Within zxdb you can also do help process-limbo to get more information about how to use it.

Process Limbo FIDL Service

The Process Limbo presents itself as a FIDL service, which is what the Process Limbo CLI tool and zxdb use. The FIDL protocol is defined in zircon/system/fidl/fuchsia-exception/process_limbo.fidl.

A good example about how to use the API is the Process Limbo CLI tool itself: src/developer/forensics/exceptions/limbo_client/limbo_client.cc.

Implementation

Crash Service

When a process throws an exception, Zircon will generate an associated exception handle. It will then look if there are any listeners in any associated exception channels that might be interested in handling that exception. That is how debuggers such as zxdb get the exceptions from running processes. See the exceptions handling for more details.

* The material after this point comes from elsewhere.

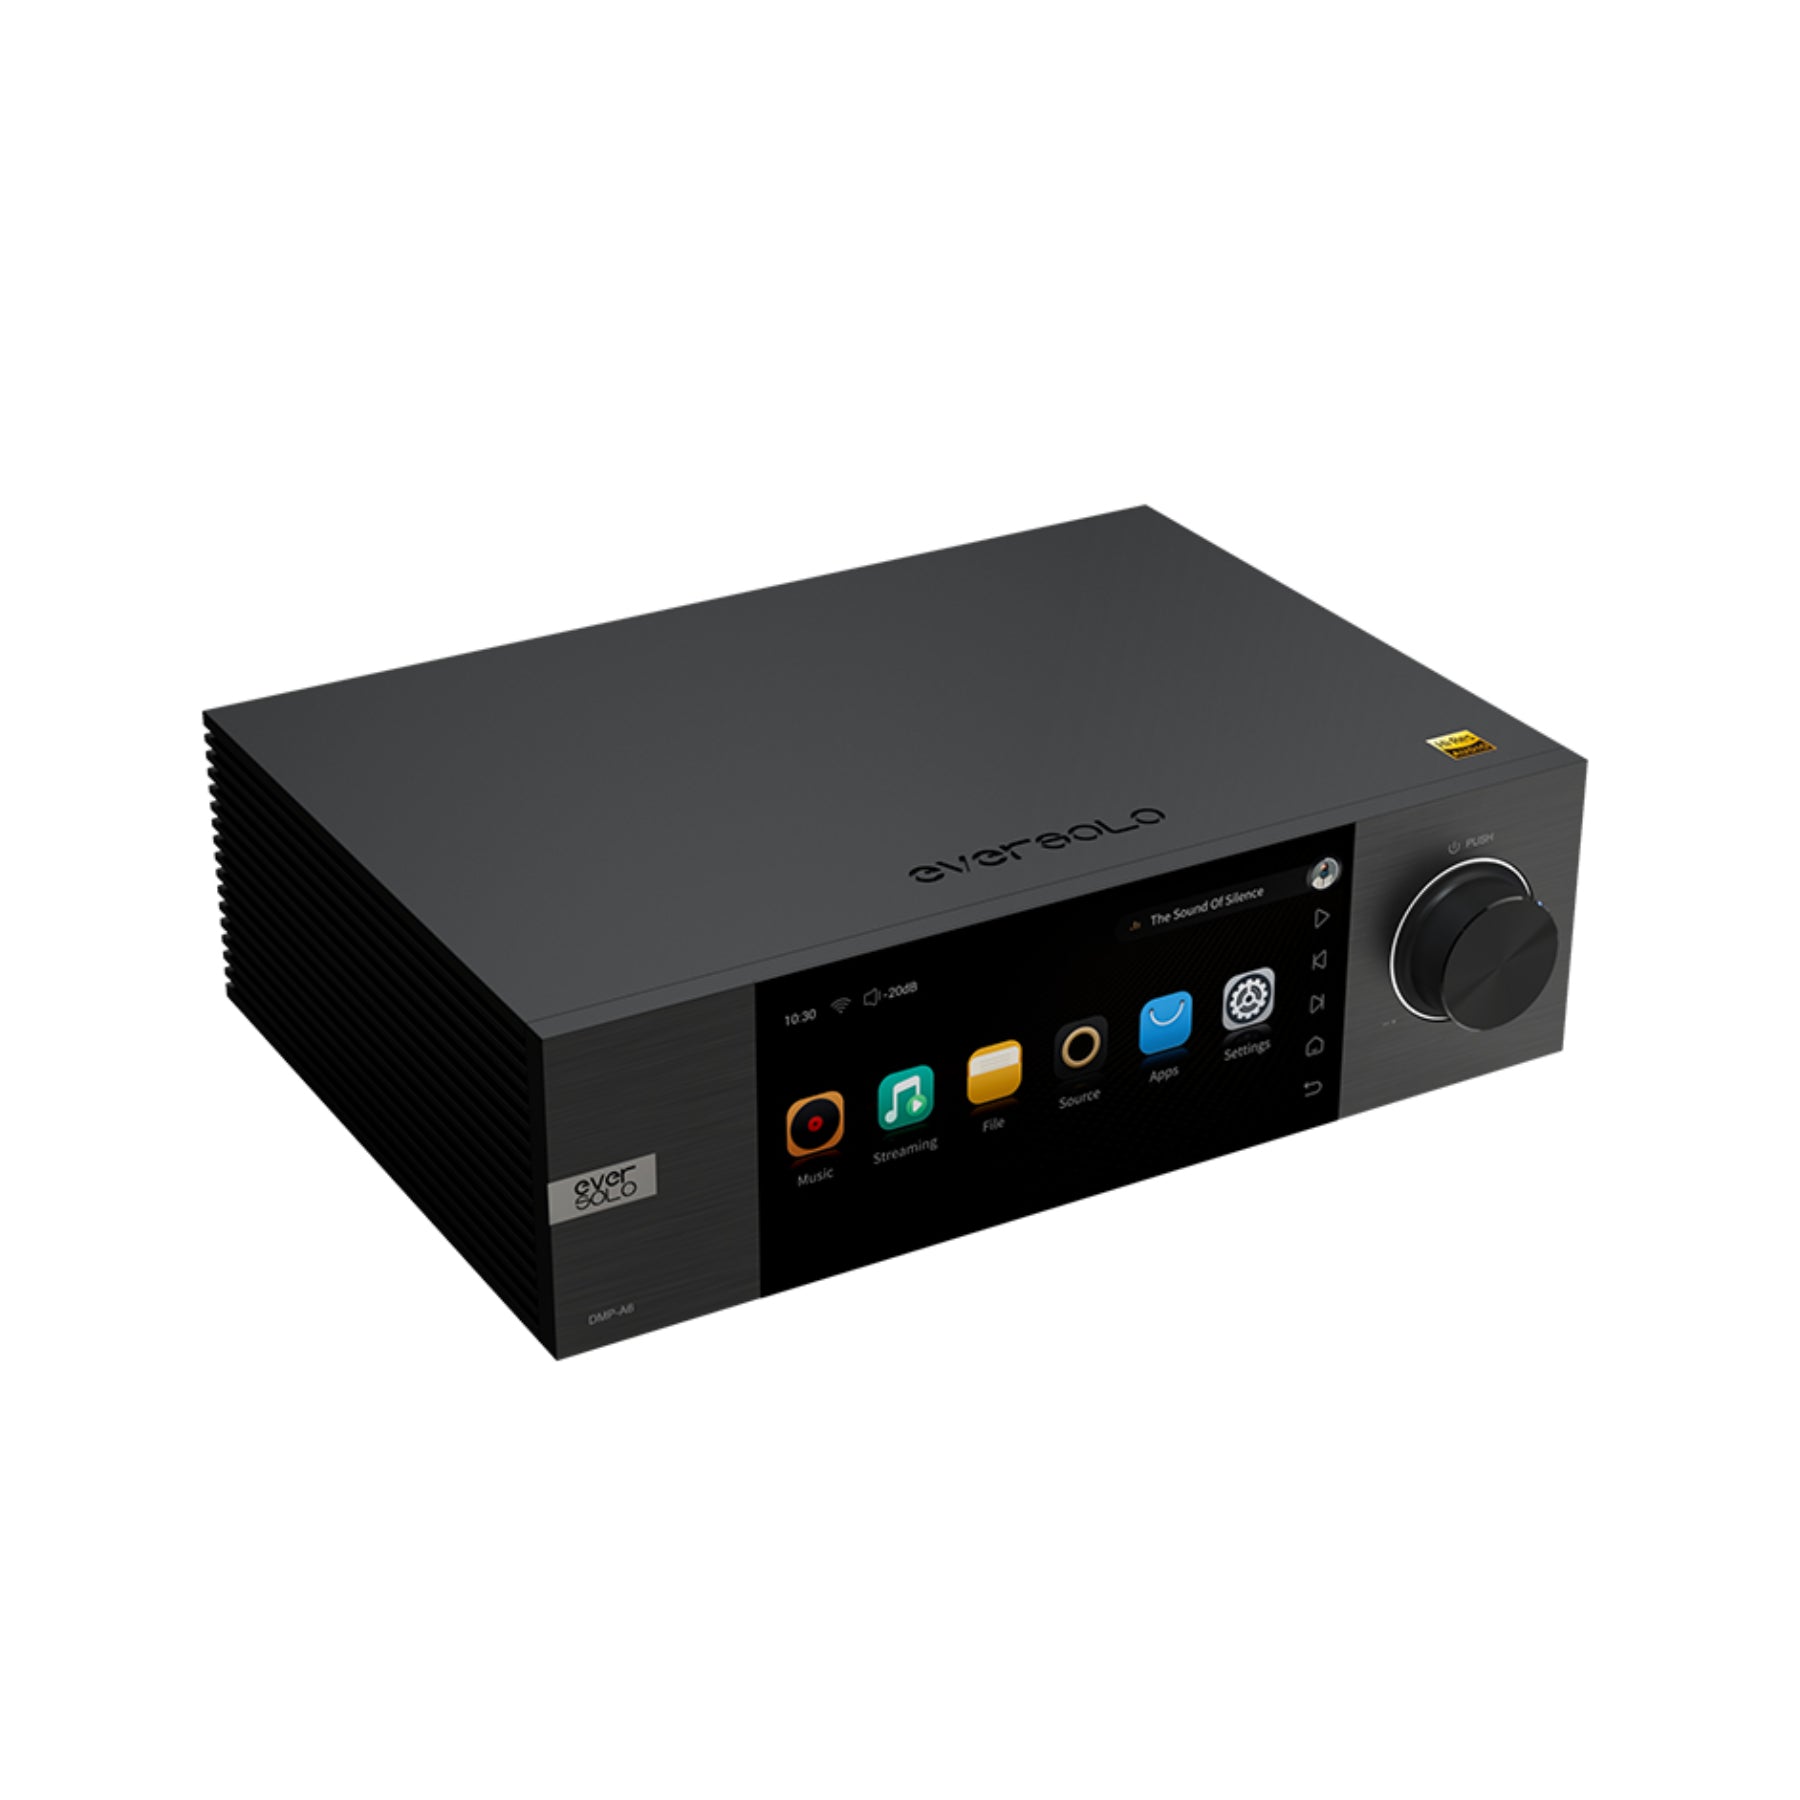 EverSolo DMP-A6 Streaming DAC Review

But when there are no more exception handlers left, either because there weren't any or they all decided to pass on handling it, the root job has an exclusive handler called crashsvc. Once an exception has reached the Crash Service, it is understood that it has “crashed” and that no program was able to handle it. The Crash Service will then dump the crashing stack trace to the logs and pass the exception over to the Exception Broker.

Exception Broker

The Exception Broker is in charge of deciding what is to be done with a crashing exception, depending on the actual system configuration. It might decide to create a minidump file and dump a crash report, send the exception over to the Process Limbo or kill the process.

The Exception Broker is aware of the Process Limbo and whether it is active or not. When it receives an exception, it will check whether the Process Limbo is enabled. If so, it will pass the exception handle over to it. This is the same Process Limbo exposed by the FIDL service.